Supplied entries:
====
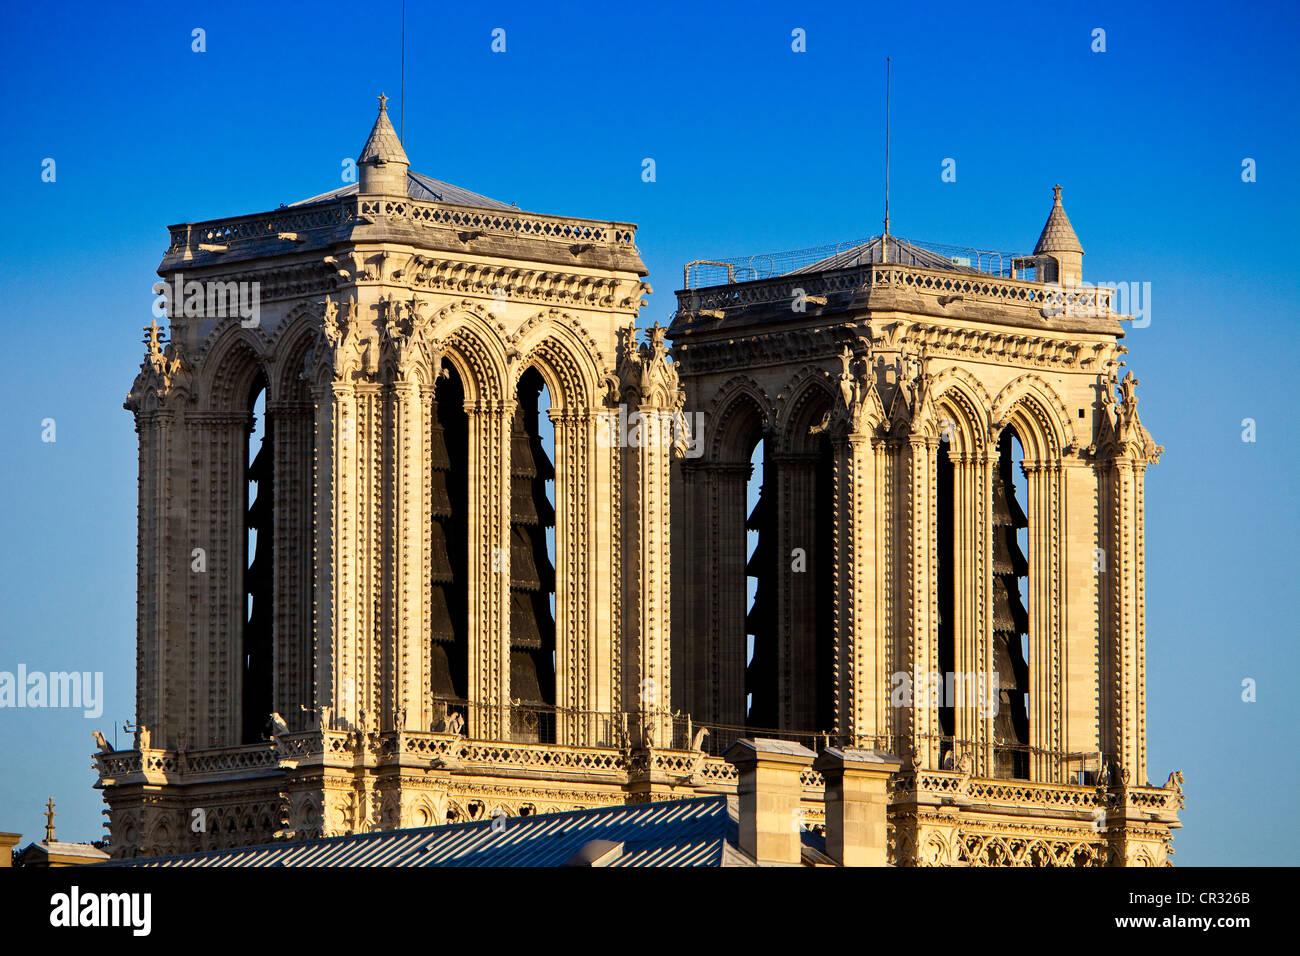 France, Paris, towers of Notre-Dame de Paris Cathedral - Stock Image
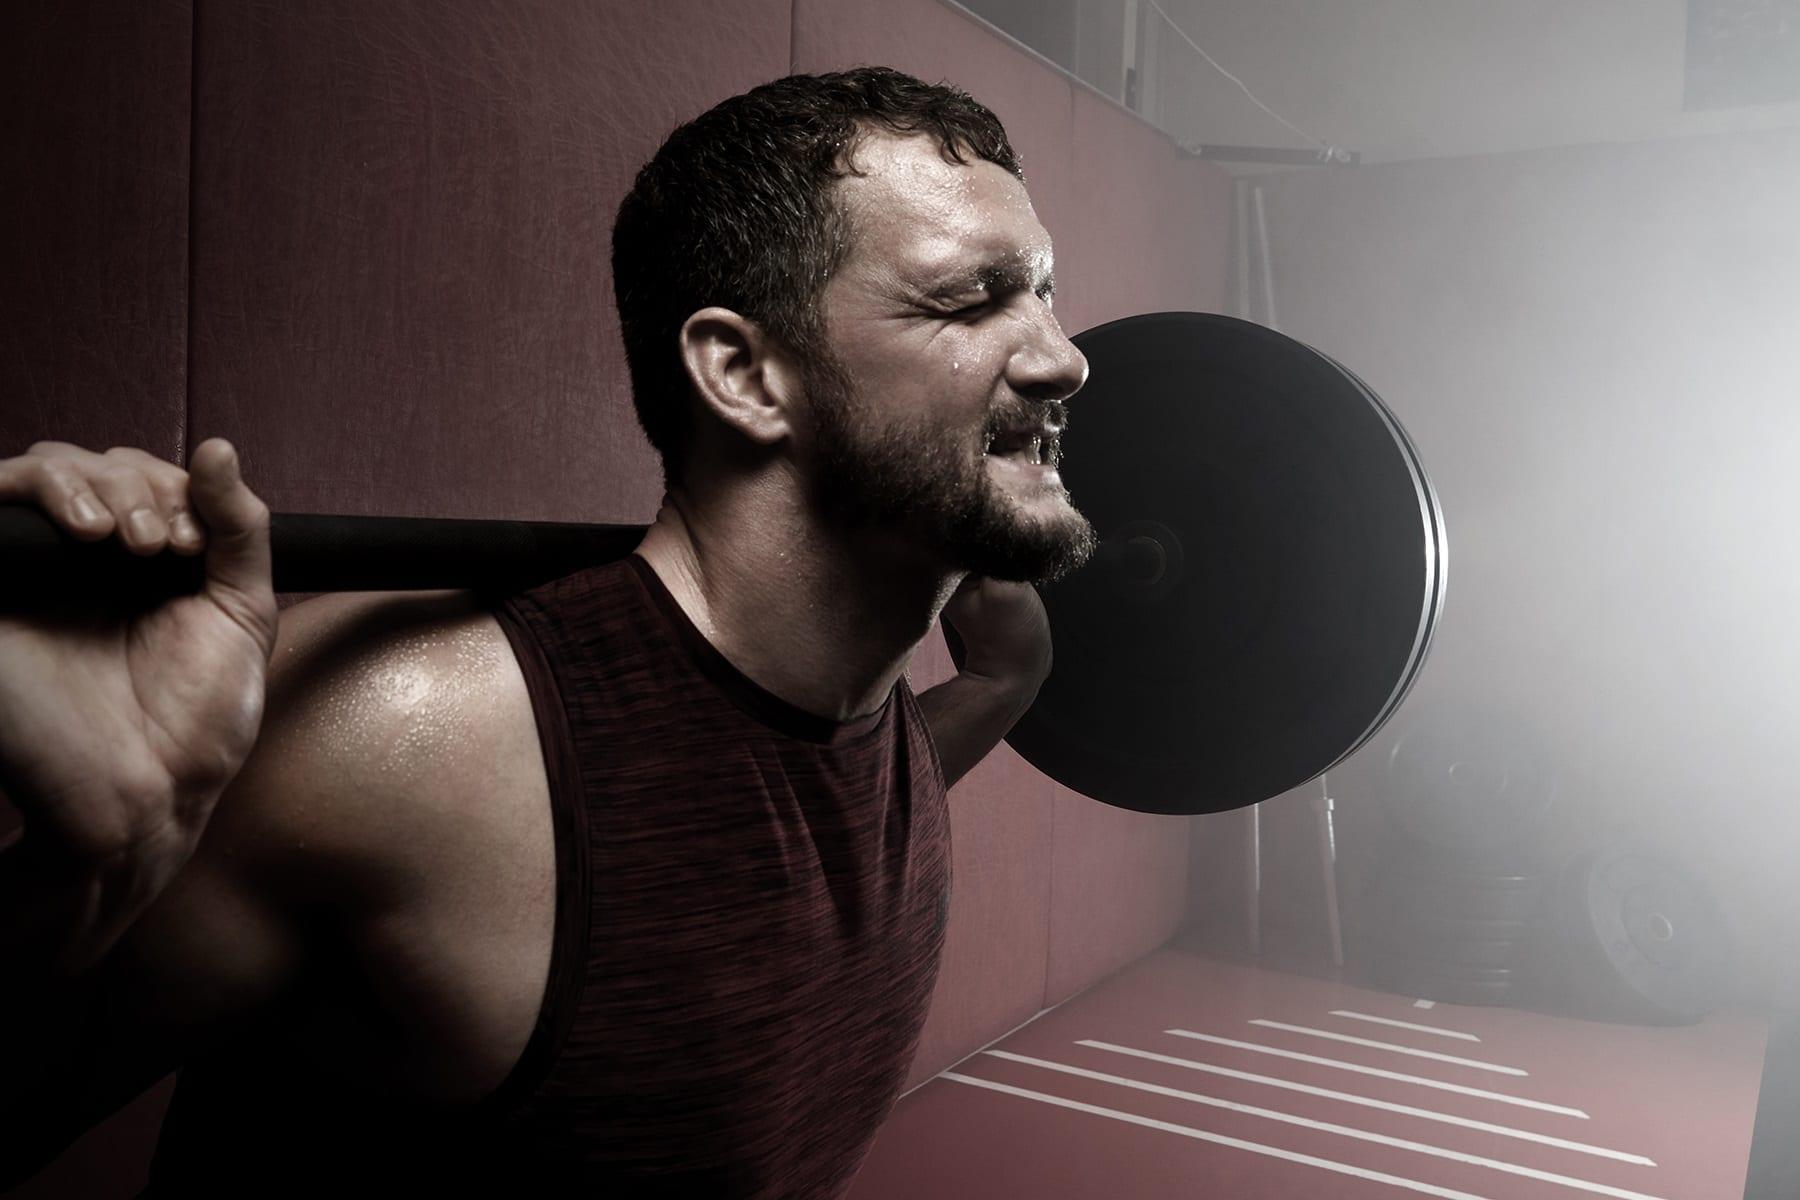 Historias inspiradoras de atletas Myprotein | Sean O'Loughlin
====
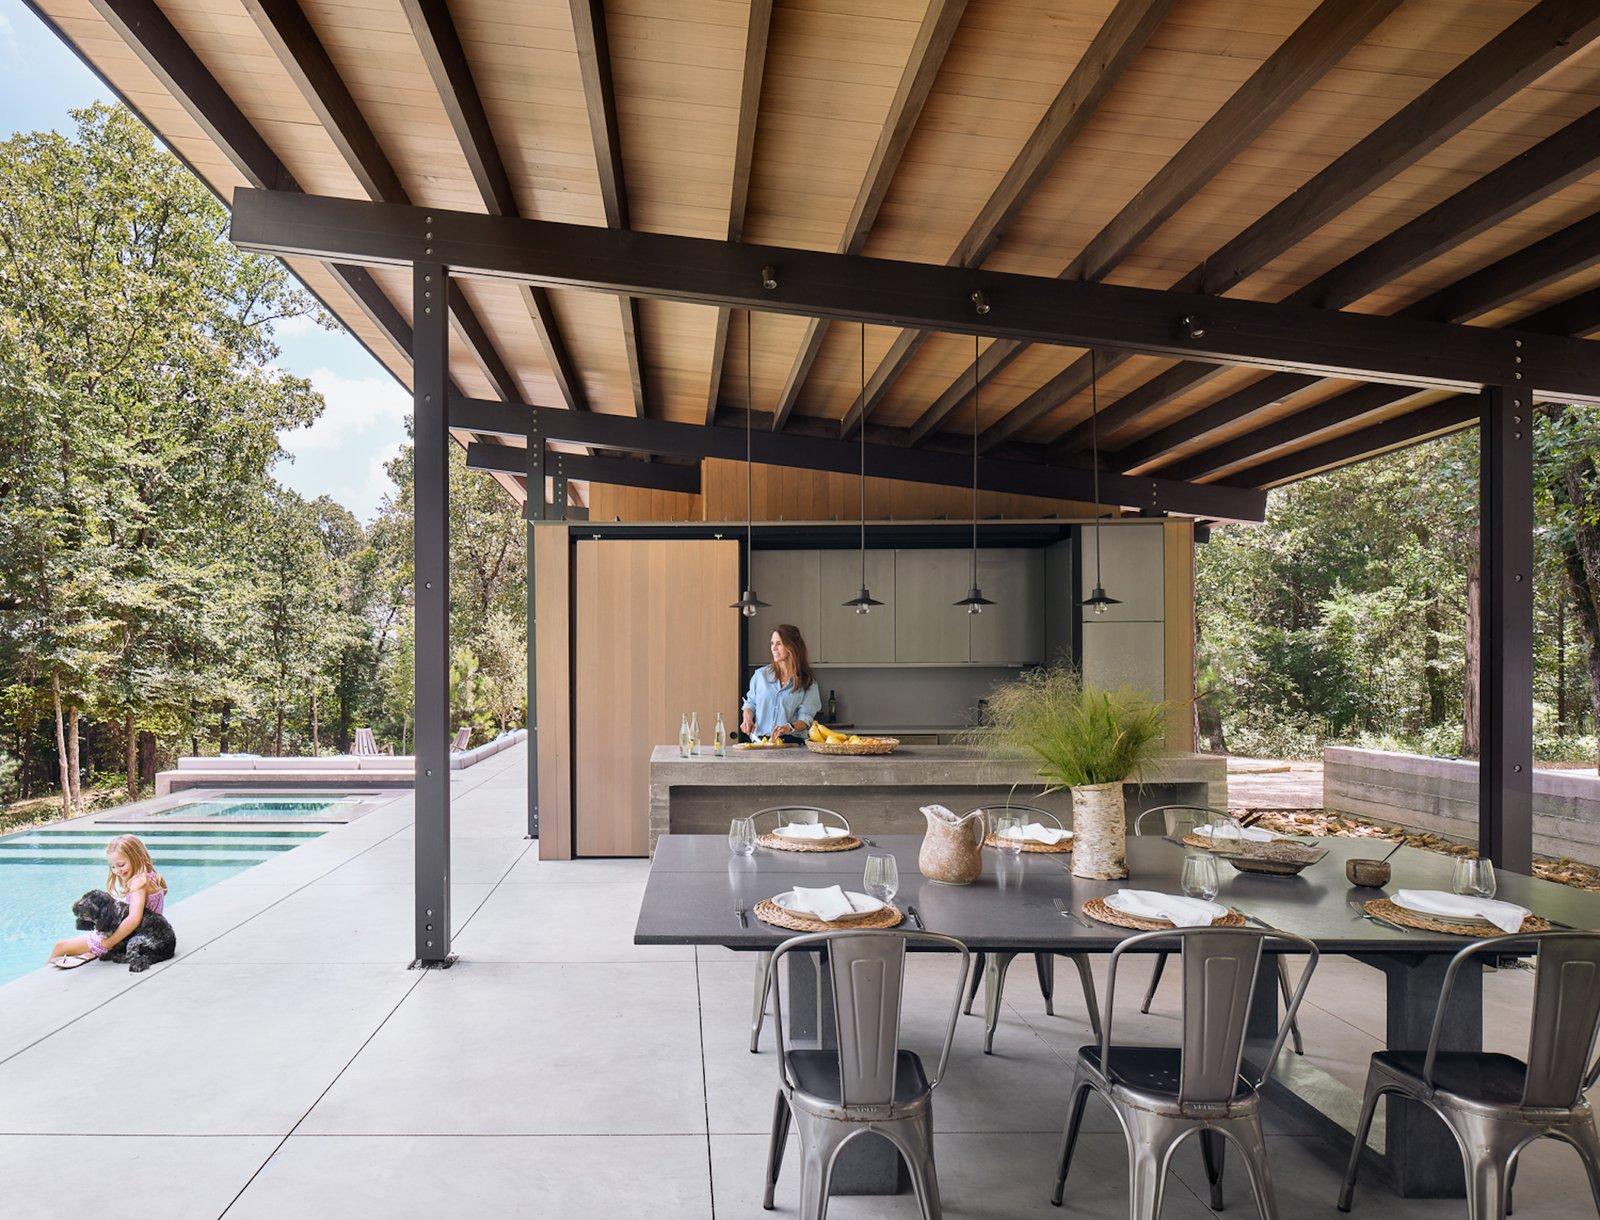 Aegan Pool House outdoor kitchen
====
Pictures aside, print exactly the lines above starting with the one containing "France, Paris, towers" and going on through the one containing "Historias inspiradoras de".

 France, Paris, towers of Notre-Dame de Paris Cathedral - Stock Image
 Historias inspiradoras de atletas Myprotein | Sean O'Loughlin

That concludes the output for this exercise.